Highlights for Year Ended December 31,
2018
- Revenue decreased to approximately $11.3 million in 2018 from
approximately $14.6 million in 2017, a 23% decline. Revenue
in fourth quarter 2018 decreased to approximately $2.4 million from
approximately $2.9 million in the same period in 2017. The primary
reasons for the revenue decrease in the fourth quarter 2018 and for
the 2018 fiscal year are that we continue to face increased
challenges for our in-car and body-worn systems as our competitors
have released new products with more advanced features compared to
ours and have maintained their extreme product price cuts. We plan
to introduce a new product platform, the EVO-HD, designed
specifically for in-car systems in 2019 to address our competitors’

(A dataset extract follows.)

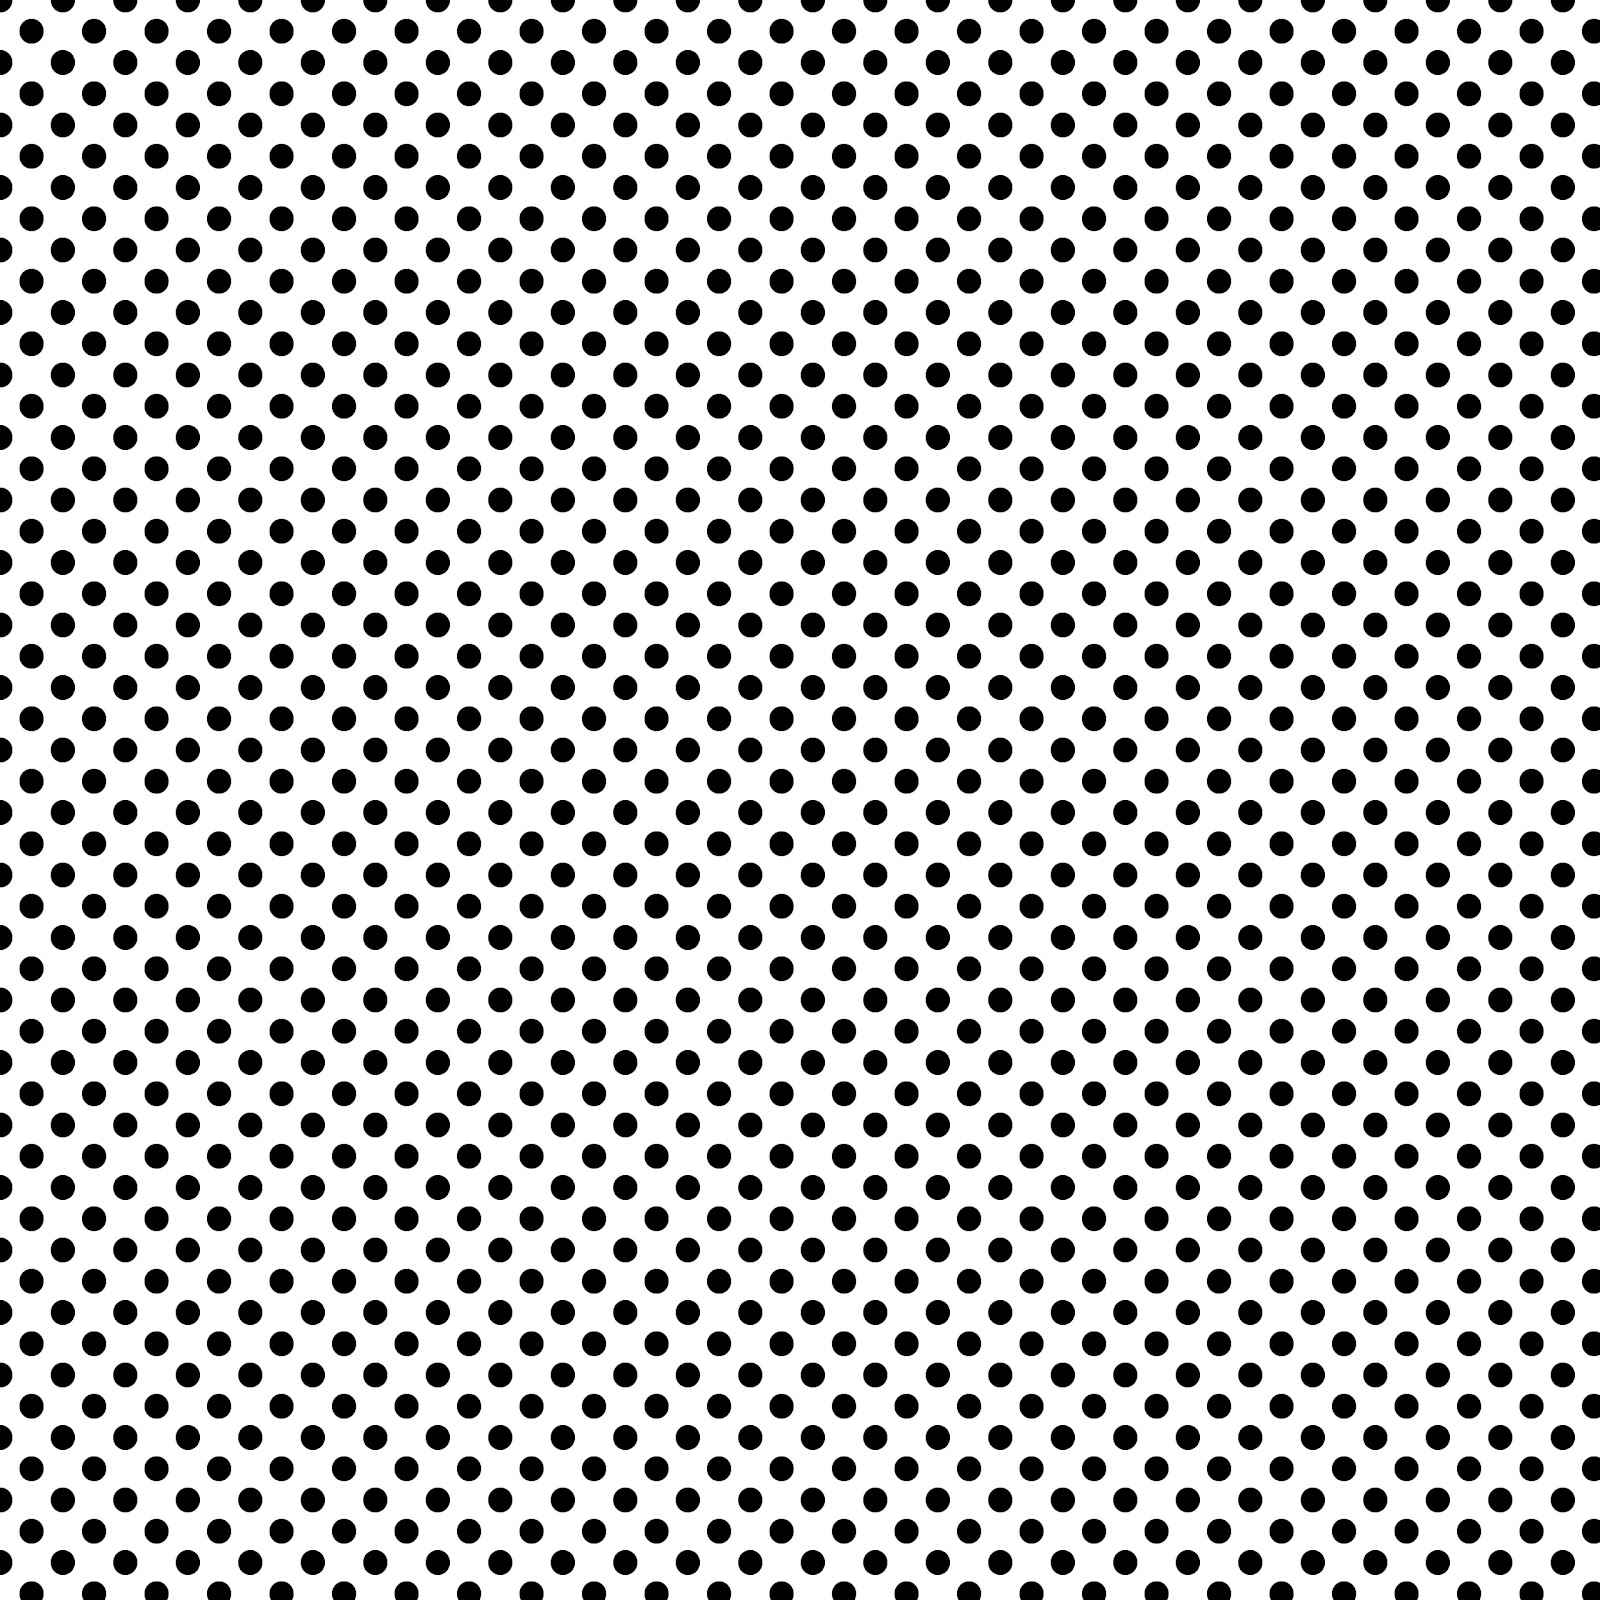 Polka Dot Black And White Wallpaper PicsWallpapercom 1600x1600

new product features. This new product platform will utilize
advanced chipsets that will generate new and highly advanced
products for our law enforcement and commercial customers. Our law
enforcement revenues also declined over the prior period due to
willful infringement of our patents and other actions by our
competitors and adverse marketplace effects related to the patent
litigation.
- We are concentrating on expanding our recurring service revenue
to help stabilize our revenues on a quarterly basis. Revenues from
cloud storage have been increasing in recent quarters and increased
to $694,000 for 2018 compared to $279,000 for 2017, an increase of
$415,000, or 149%. Additionally, revenues from extended warranties
have also been increasing and were approximately $1,106,000 for the
year ended December 31, 2018, compared to $870,000 for the prior
year period for an increase of $236,000 (27%). We are
pursuing several new market channels that do not involve our
traditional law enforcement and private security customers, such as
our NASCAR affiliation, which we believe will help expand the
appeal of our products and service capabilities to new commercial
markets. If successful, we believe that these new
market channels could yield recurring service revenues in the
future.
- We have undertaken a program in recent quarters to
substantially reduce selling, general and administrative
(“SG&A”) expenses through headcount reductions and other
SG&A cost reduction measures. Our operating results
reflect significant reductions in total SG&A expenses compared
to previous quarters, except for professional fees incurred for
pending litigation and stock-based compensation that has increased
as we utilize non-cash stock grants for employee retention
purposes.
- We have asserted two significant patent infringement lawsuits
involving Axon and WatchGuard that has had significant impacts on
our quarterly results primarily due to the timing and amounts of
legal fees expended on such lawsuits. Future quarterly
results during 2019 and possibly beyond will continue to be
impacted as these cases move to trial. If the juries in such
lawsuits determine Axon and WatchGuard are infringing our patents,
they would then determine the amount of compensatory damages owed
to us by the defendants and whether such damage awards should be
trebled due to willful infringement by each of the
defendants. In addition, there may be attempts by the
defendants to settle such lawsuits prior to the trial. Such
jury awards and/or potential settlements prior to trial would
likely have a significant impact on our quarterly operating results
if they occur.
- Our Board of Directors has initiated a review of strategic
alternatives to best position us for the future, including, but not
limited to, monetizing our patent portfolio and related patent
infringement litigation against Axon and WatchGuard, the sale of
all or certain assets, properties or groups of properties or
individual businesses or merger or combination with another
company. We retained Roth Capital Partners (“Roth”) to assist in
this review and process. As part of this strategic effort, the
Board of Directors approved the Proceeds Investment Agreement (the
“PIA Agreement”) with Brickell Key Investments LP (“BKI”) to fund
our patent litigation, repay our existing debt obligations and
augment working capital. BKI funded $500,000 on July 31, 2018 and
exercised its option to fund an additional $9.5 million on August
21, 2018.
- Also, as part of our strategic alternatives review, on
September 26, 2018, we completed an underwritten public offering
through Roth for a total of 2,400,000 common shares at a price of
$3.05 per share. We also granted the underwriters a forty-five
(45)-day option to purchase up to an additional 360,000 shares of
common stock to cover over-allotments, if any. On September 28,
2018, the underwriter exercised its over-allotment option to
acquire an additional 200,000 shares at $3.05 per share. Our net
proceeds from the offering totaled approximately $7,324,900,
including the partial exercise of the over-allotment option, after
deducting underwriting discounts and commissions and estimated
expenses.
- We have retired all interest-bearing debt as of December 31,
2018 and the only long-term obligations outstanding as of December
31, 2018 is associated with the PIA Agreement.
Management Comments
“We were disappointed to report revenues for the
year ended 2018 that decreased 23% from the year prior, despite our
increase in our service-based revenues in 2018,” stated Stanton E.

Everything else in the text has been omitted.